ONCE upon a time there lived in Berlin, Germany, a man called Albinus. He was rich, respectable, happy; one day he abandoned his wife for the sake of a youthful mistress; he loved; was not loved; and his life ended in disaster.
This is the whole of the story and we might have left it at that had there not been profit and pleasure in the telling; and although there is plenty of space on a gravestone to contain, bound in moss, the abridged version of a man’s life, detail is always welcome.
It so happened that one night Albinus had a beautiful idea. True, it was not quite his own, as it had been suggested by a phrase in Conrad (not the famous Pole, but Udo Conrad who wrote the Memoirs of a Forgetful Man and that other thing about the old conjuror who spirited himself away at his farewell performance). In any case, he made it his own by liking it, playing with it, letting it grow upon him, and that goes to make lawful property in the free city of the mind. As an art critic and picture expert he had often amused himself by having this or that Old Master sign landscapes and faces which he, Albinus, came across in real life: it turned his existence into a fine picture gallery – delightful fakes, all of them. Then, one night, as he was giving his learned mind a holiday and writing a little essay (nothing very brilliant, he was not a particularly gifted man) upon the art of the cinema, the beautiful idea came to him.

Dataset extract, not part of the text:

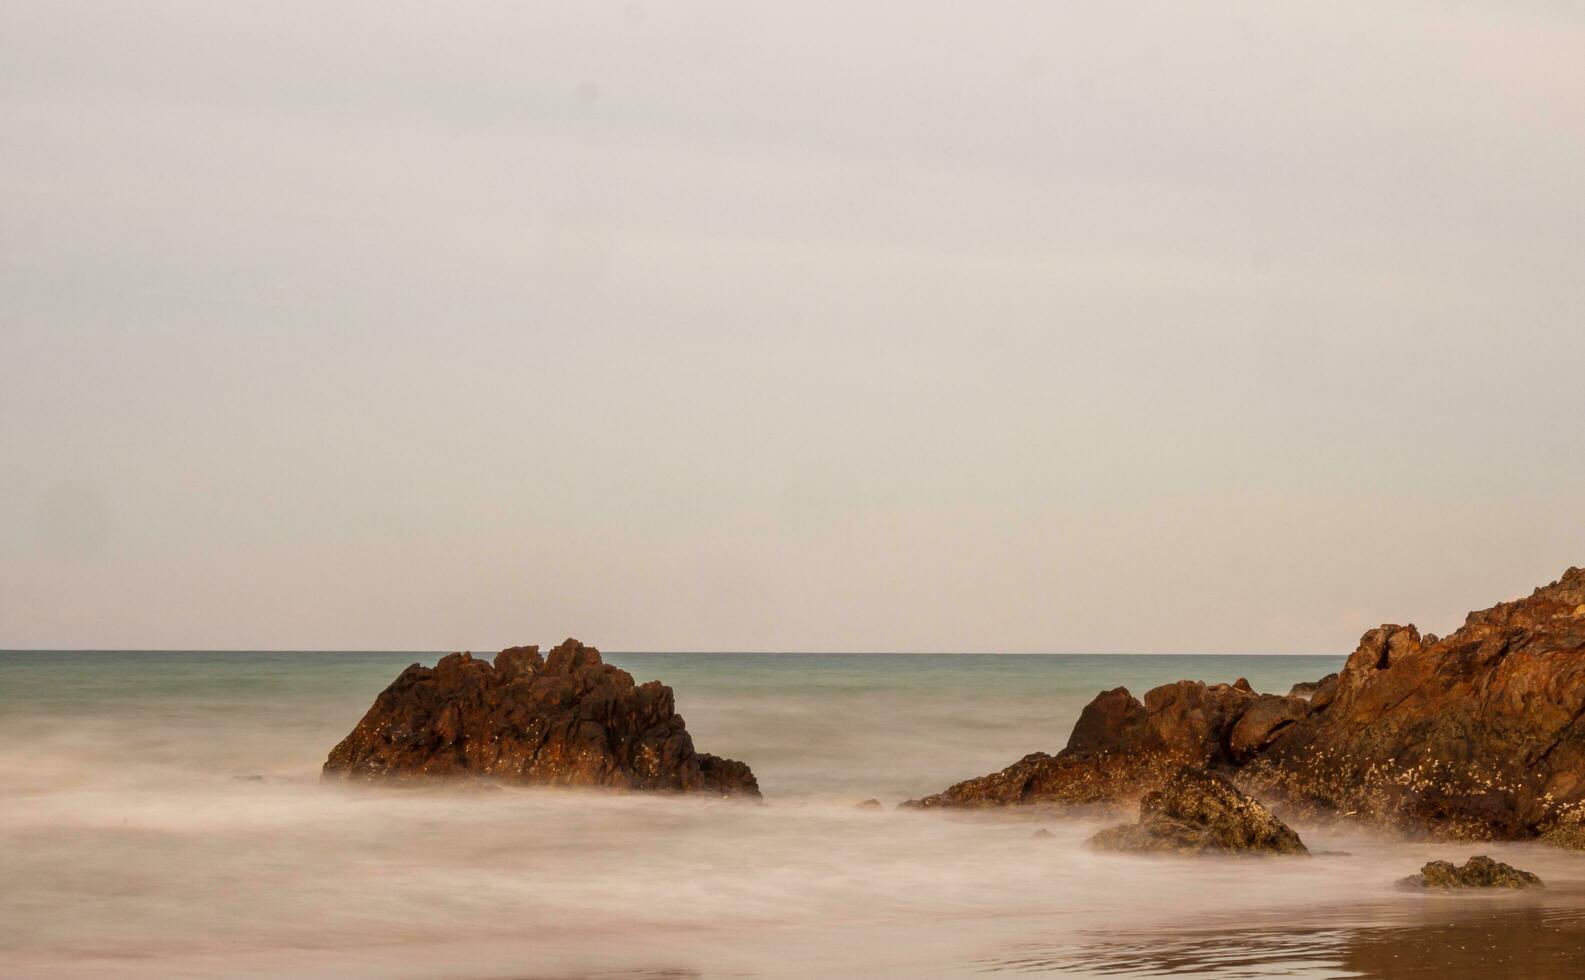 Vorderseite Standpunkt Landschaft Reise Sommer- Meer Felsen Wind Welle cool auf Urlaub Ruhe Meer Küsten Natur tropisch schön Abend Tag beim Rayong Strand Thailand foto

It had to do with colored animated drawings – which had just begun to appear at the time. How fascinating it would be, he thought, if one could use this method for having some well-known picture, preferably of the Dutch School, perfectly reproduced on the screen in vivid colors and then brought to life – movement and gesture graphically developed in complete harmony with their static state in the picture; say, a pot-house with little

people drinking lustily at wooden tables and a sunny glimpse of a courtyard with saddled horses – all suddenly coming to life with that little man in red putting down his tankard, this girl with the tray wrenching herself free, and a hen beginning to peck on the threshold. It could be continued by having the little figures come out and then pass through the landscape of the same painter, with, perhaps, a brown sky and a frozen canal, and people on the quaint skates they used then, sliding about in the oldfashioned curves suggested by the picture; or a wet road in the mist and a couple of riders – finally, returning to the same tavern, little by little bringing the figures and light into the selfsame order, settling them down, so to speak, and ending it all with the first picture. Then, too, you could try the Italians: the blue cone of a hill in the distance, a white looping path, little pilgrims winding their way upward. And even religious subjects perhaps, but only those with small figures. And the designer would not only have to possess a thorough knowledge of the given painter and his period, but be blessed with talent enough to avoid any clash between the movements produced and those fixed by the old master: he would have to work them out from the picture – oh, it could be done. And the colors… they would be sure to be far more sophisticated than those of animated cartoons. What a tale might be told, the tale of an artist’s vision, the happy journey of eye and brush, and a world in that artist’s manner suffused with the tints he himself had found!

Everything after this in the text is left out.